Was this what we had always learned about in Bible study? Was this what we had been waiting for since the beginning of mankind, and now it was going to end in this horrible way?
We watched in silence as history was made before our eyes. We were living this tragedy. I knew at that moment nothing would ever be the same again. No longer will young people ask older people where they were when they found out John F. Kennedy was shot, but now they will ask, where were you when the World Trade Center collapsed?
As I watched in horror, I realized that my life had changed drastically. No longer did I live in a country where nothing could happen; I now lived in a country where a war was being fought on the front line. My world had been changed forever.

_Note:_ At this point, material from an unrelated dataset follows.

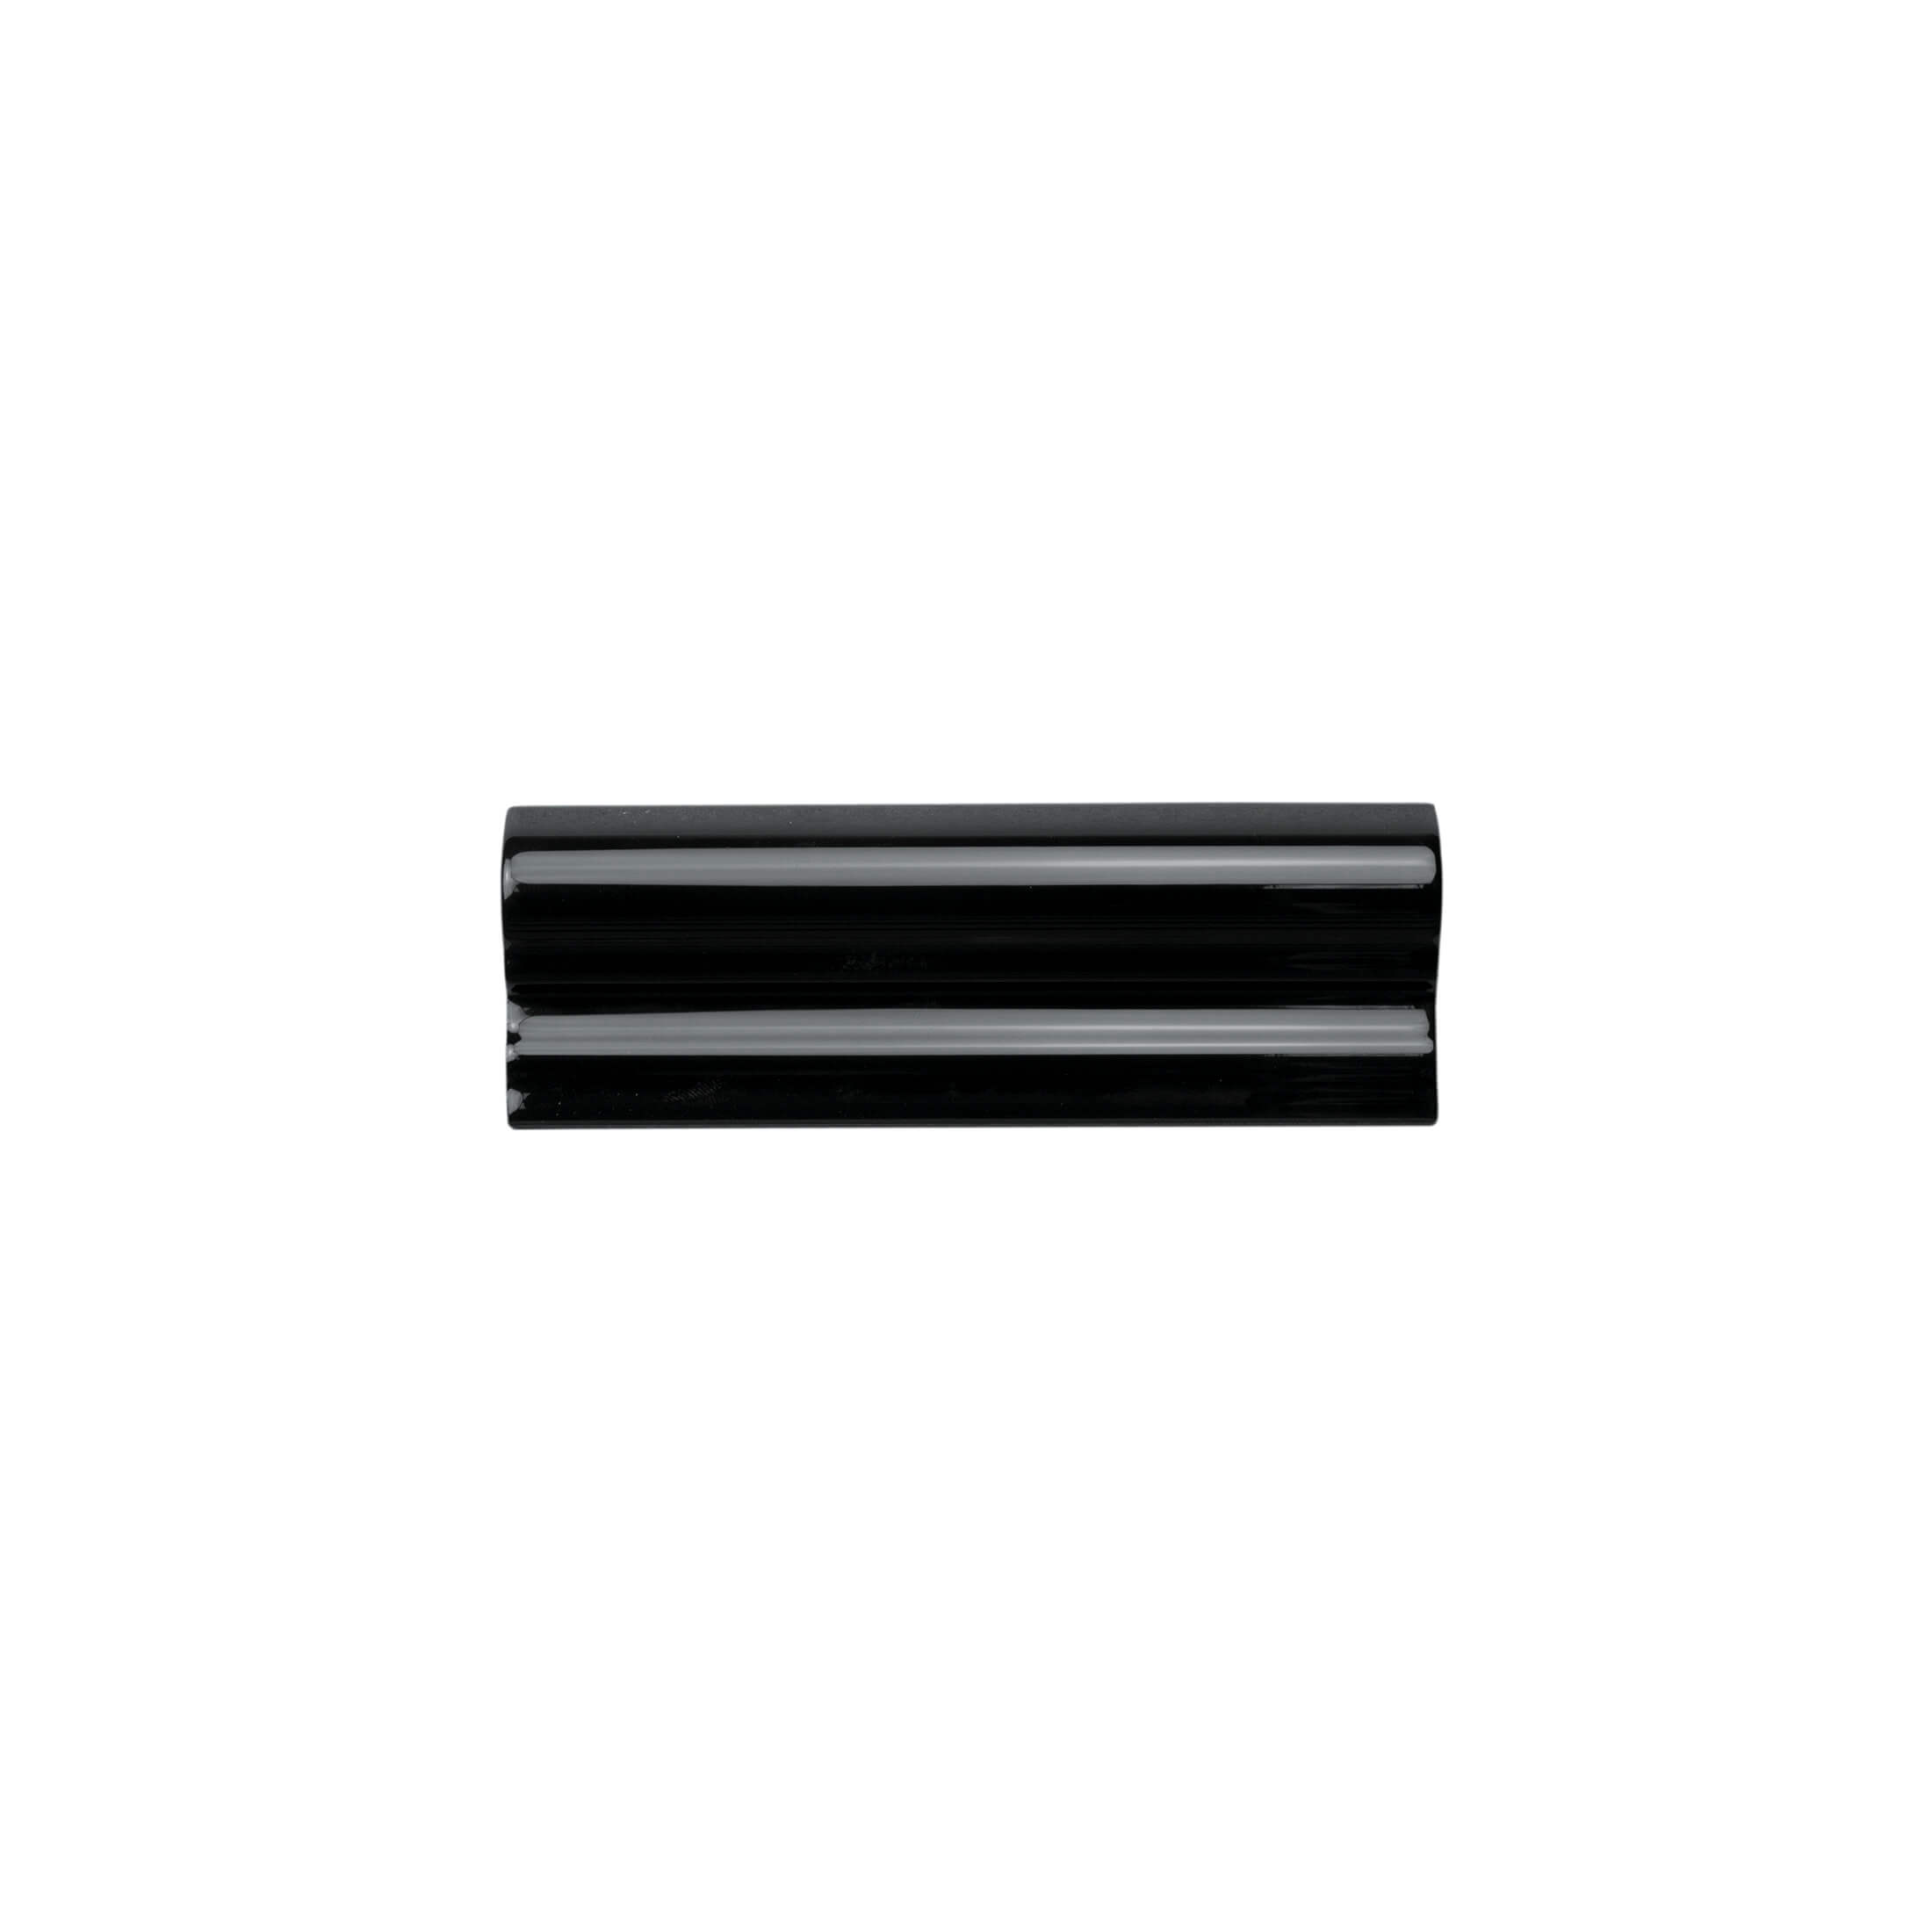 ADNE5318 - MOLDURA ITALIANA PB - 5 cm X 15 cm
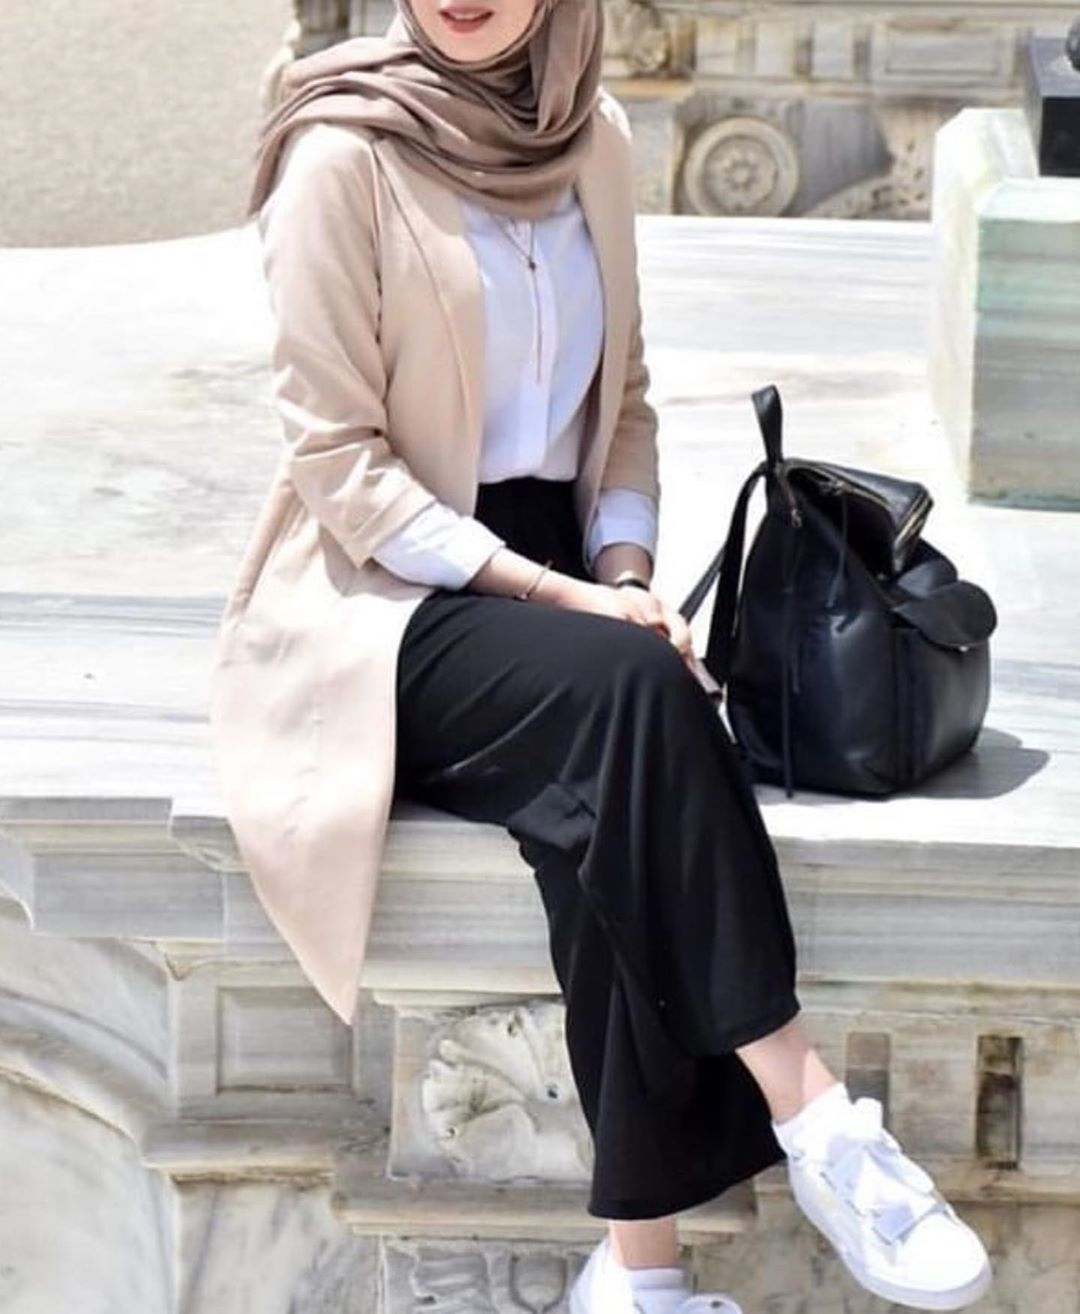 Modestfashion Modern Hijab Fashion Hijab Fashion Hijab Fashion Inspiration

As I watched it all happen, I knew that our country would come together in support. I knew that this would not get us down and that the world would stand beside us. I realized that this was not the end of the world, but it was the end of the world, in many ways, for the thousands of people who were involved in this tragedy and for the lives that it touched, but in retrospect, our faith is still there.
Faith is what is helping us all to get through this. Whether you believe in God, or in Allah, or in Buddha, someway or another it is probably faith that is holding you together. It is the faith that we have in our country, in our government, in our flag and in ourselves that will allow us to move past this.